During this time, the Chinese were using rice paper to create wicks and made wax out of insects and seeds.

== Stiffeners ==
Stiffeners are used to direct the wick to remaining upright so that fuel can get to the flame. This provides two advantages: it makes the wick more rigid, letting it stand further out of the liquid wax, and it conducts heat downward, melting the wax more readily. The latter is particularly important in candles made of harder wax.
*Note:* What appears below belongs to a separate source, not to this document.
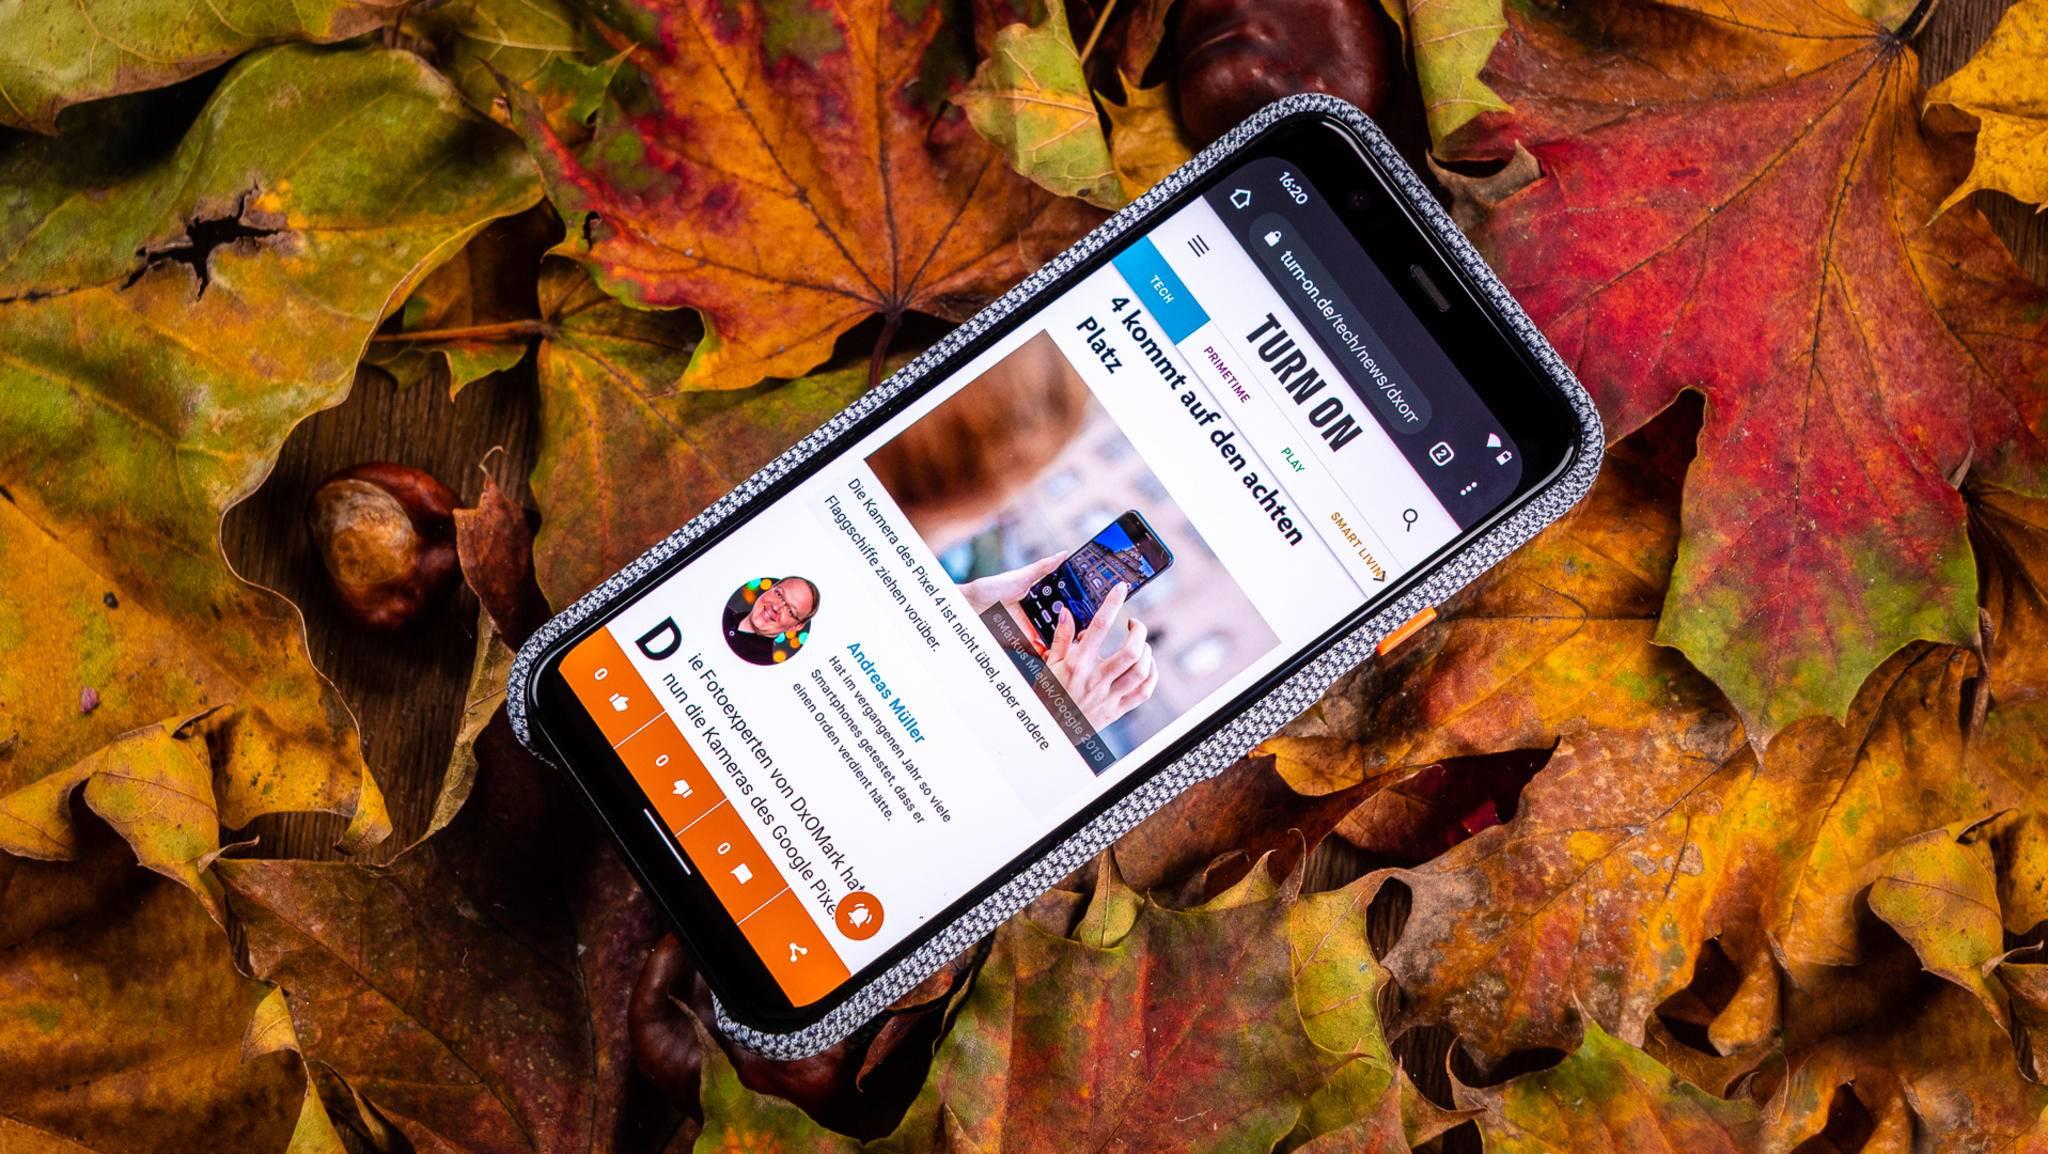 Nutzer von Smartphones mit Android 10 (im Foto: Pixel 4) haben derzeit mit einfrierenden Nutzeroberflächen zu kämpfen.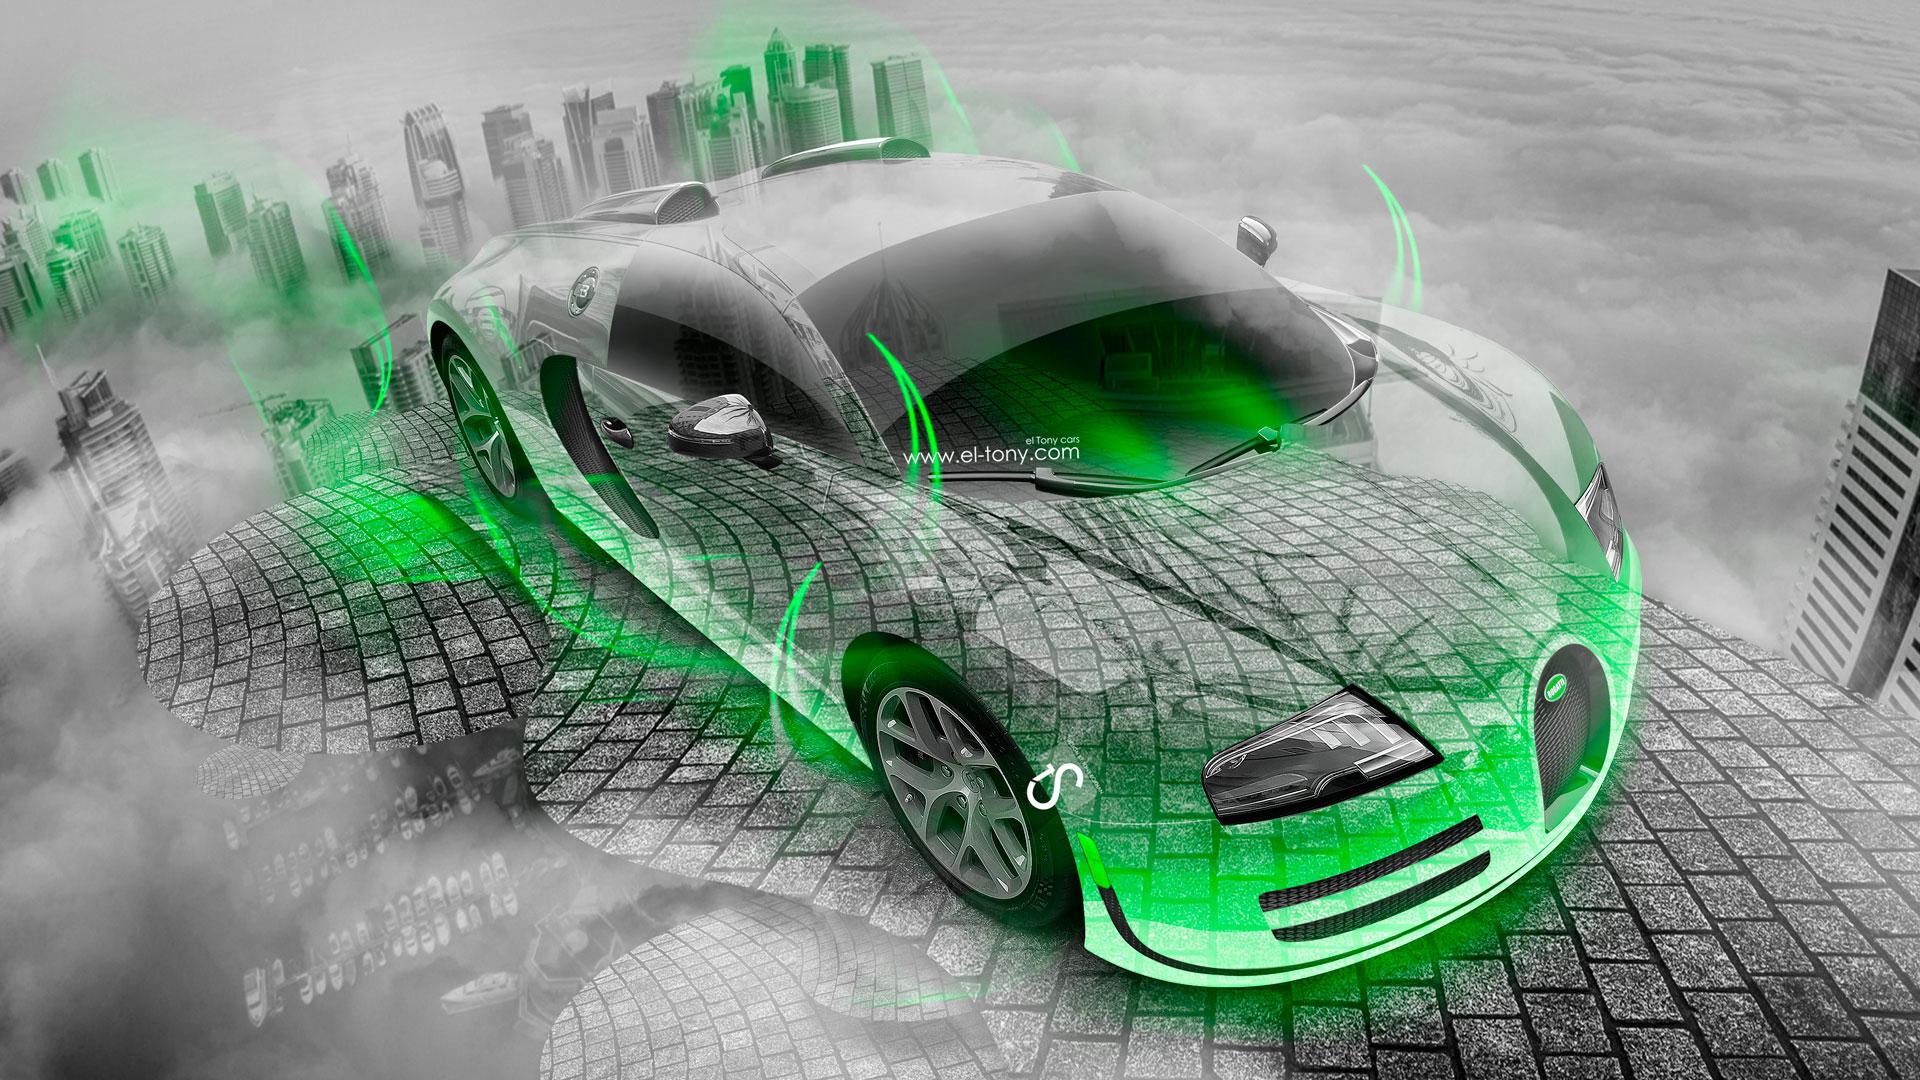 lime green bugatti veyron wallpaper - photo #3

Stiffeners were once made of lead, but these have been banned in the US for several years by the Consumer Product Safety Commission, due to the concerns about lead poisoning. Fine wire (such as copper) can be included in the wick. Other core stiffeners, such as paper and synthetic fibers, may also be used. The CPSC was petitioned to ban candle wicks containing lead cores and candles with such wicks by Public Citizen, the National Apartment Association, and National Multi Housing Council on February 20, 2001. The ban against manufacturing, importing, or selling candles in the US with lead wicks became effective in October 2003.

==Pretreatments==
Virtually all wicks are treated with various flame-resistant solutions in a process known as mordanting. Without mordanting the wick would be destroyed by the flames and the flow of melted wax to the flame would cease. Beyond that, wicks can be treated with substances to improve the color and brightness of the flame, provide better rigidity to keep the wick out of the melted wax, and improve the flow of that wax up the wick. Common treatments are borax and salt which are dissolved in water in which the wicks are soaked. Wicks can also be pretreated with paraffin wax.